Firstly, and most immediately, is the Brexit end-game. The party’s clear resistance to Brexit has been its most important defining feature. It owes it to its supporters to fight as hard as it can to fend Brexit off. But this is looking decidedly tricky. Just how tricky was illustrated last week, when Labour launched its plan for a “caretaker” government under Mr Corbyn to postpone Brexit and the fight a general election. This wrong-footed Jo, who called it out as a cynical ploy too quickly, rather than being non-committal and voicing doubts (a position she has tried to adopt since). This allowed Labour followers to suggest that the party’s top priority was political advantage, not stopping Brexit by any means possible. Fortunately the damage not severe, as potential Tory rebels, essential to the exercise, took up the running. Indeed the move has ricocheted back onto Mr Corbyn, who is having to explain why he is a better choice to lead an interim government than a more neutral figure. It has also allowed Jo to garner extra publicity: many may not have noticed the party had a new leader. But this episode is an indication of the treacherous ground ahead.

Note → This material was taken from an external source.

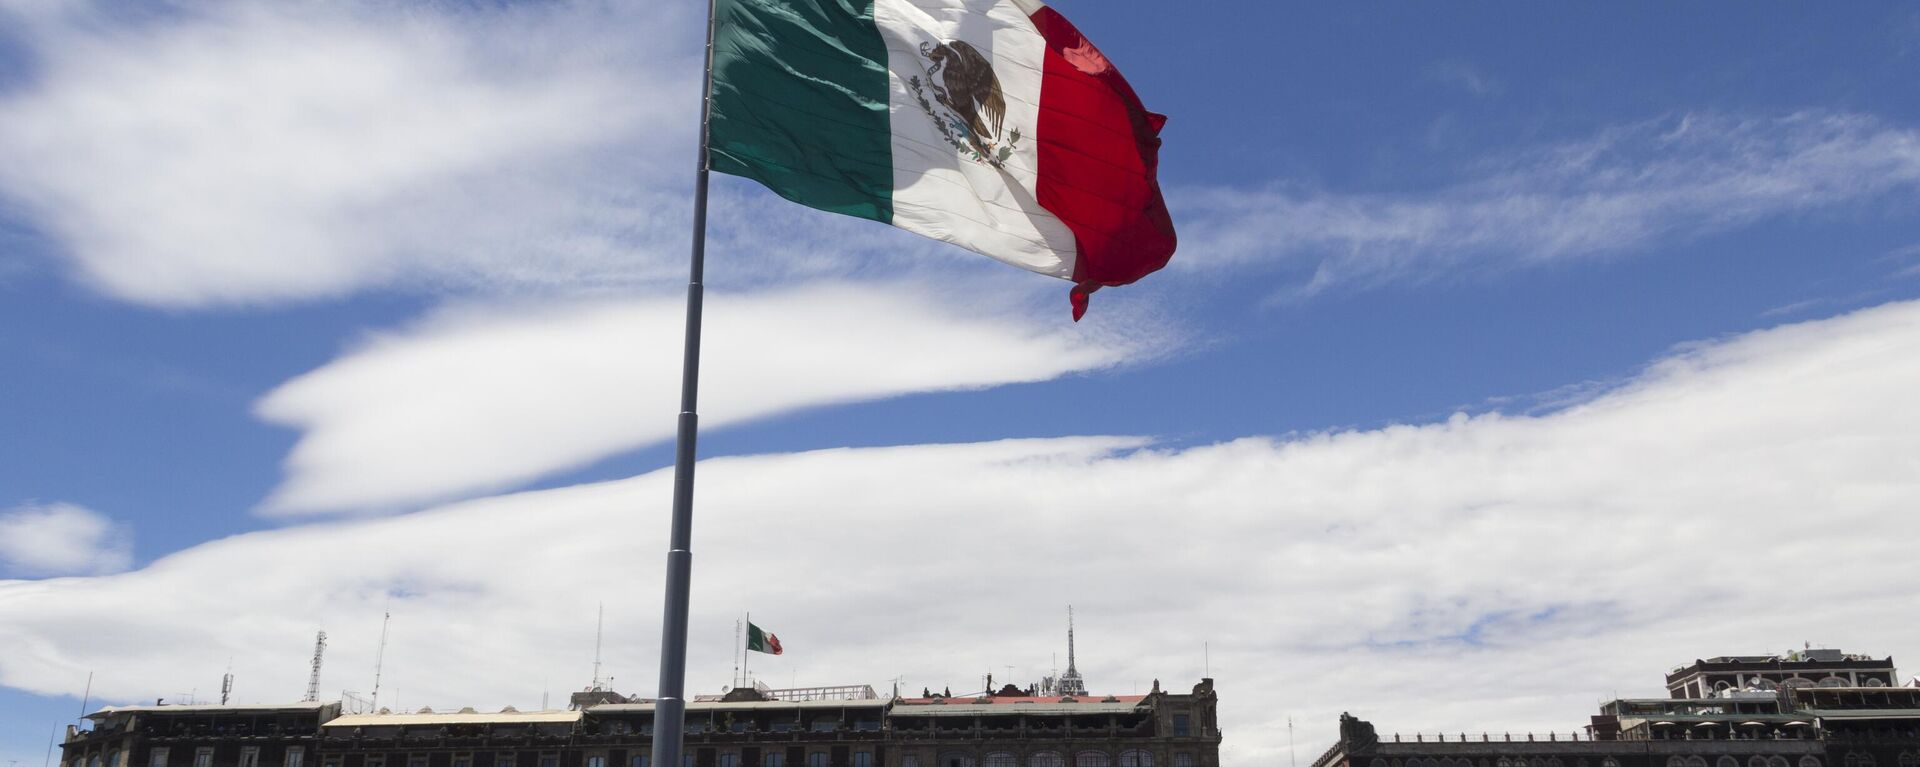 Bandera de los Estados Unidos Mexicanos - Sputnik Mundo, 1920, 22.10.2021

The enterprise of stopping Brexit, or even the lesser goal of stopping a no-deal, is almost certainly doomed, however. Mr Johnson’s government views it as an existential crisis for their party, and is willing to play fast and loose with the conventions on which the country’s political processes depends. Mr Corbyn, as I discussed in my previous post, wants the same outcome, albeit without any of his fingerprints. So what happens to the Lib Dems after Brexit? Once out most people, in Britain and the EU, will surely want to move on. Getting back into the Union will be a generational project.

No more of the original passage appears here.